We’ll consider non-life insurance as an illustration.
Non-life insurance is for things such as your phone, car, house, travel, and other non-life things.
You might pay £500 to insure a £10,000 car against, for example, theft. In simple terms, the probability of making a claim against the full value of the car in any one year has to be 5%.1 Without necessarily thinking about it in those terms, most buyers of insurance probably consider 5% about right and therefore they believe that taking out the insurance is worth it.
But I do not think this is a good deal.
The reason I would not buy £500 insurance on my £10,000 car – other than the third-party insurance required by law – is down to my knowledge of the insurance company’s combined ratio.
The combined ratio is the sum of the claims and expense ratio.
- The claims ratio is exactly that – what the company pays out in claims to people whose cars were stolen or damaged, out of the pot of money it collects in premiums from customers.
- The expense ratio is all the other costs of the insurance company – marketing, administration, overhead, and so on.
Some types of insurance companies can have combined ratios over 100%. If customer’s claims don’t come due for a while, then the insurers can earn an interest on the premiums they’ve already collected until the claim falls due.
Earning money by investing this ‘float’ of premiums explains how insurance companies can be profitable, even when they write unprofitable insurance and so sport an overall combined ratio of greater than 100%.

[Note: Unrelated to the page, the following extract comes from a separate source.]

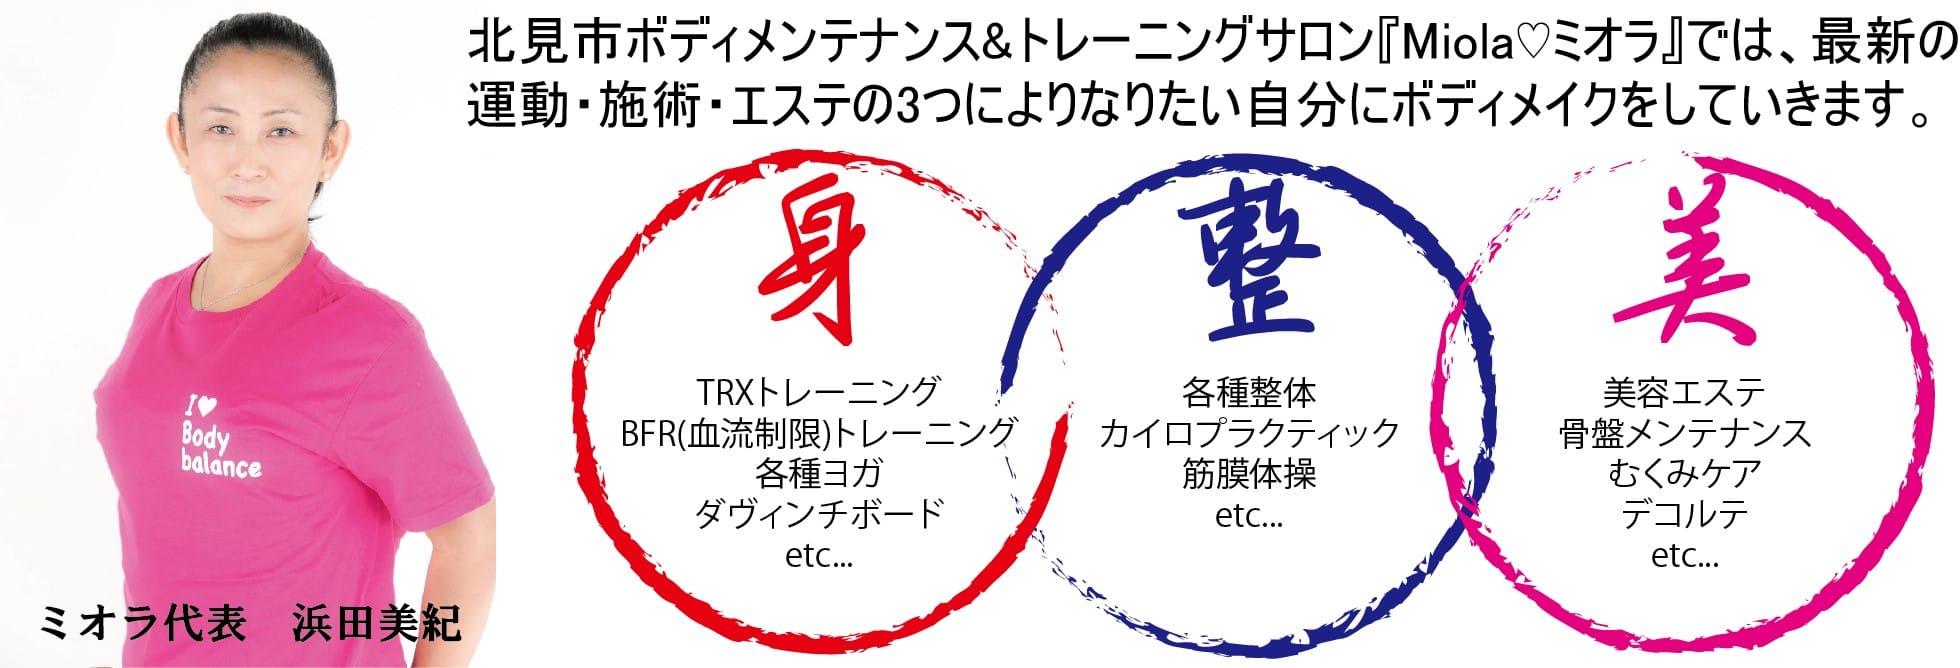 ボディメンテナンス&トレーニングサロン〜Miola〜 北海道北見市

However car insurance is usually a one-year policy, and insurance companies select assets that match their liabilities. Car insurance premiums are therefore invested in short-term securities that pay a low return. There’s no 20-year float for the insurance company to invest for long-term profits here.
Therefore the combined ratio for any car insurance policy needs to be below 100% for it to make a profit for the insurance company.
Car insurance is fairly predictable (compared to say insuring against hurricanes or terrorists) and the insurance company is likely to have a good idea of the total number of claims and expenses it will face in any particular year.
My research has found that a non-life insurance company might expect to have a combined ratio of 95% for car insurance policies, made up of a 70% claims ratio and 25% expense ratio. (My friends in insurance will bemoan this simplification, but we only need the rough figures to illustrate the point).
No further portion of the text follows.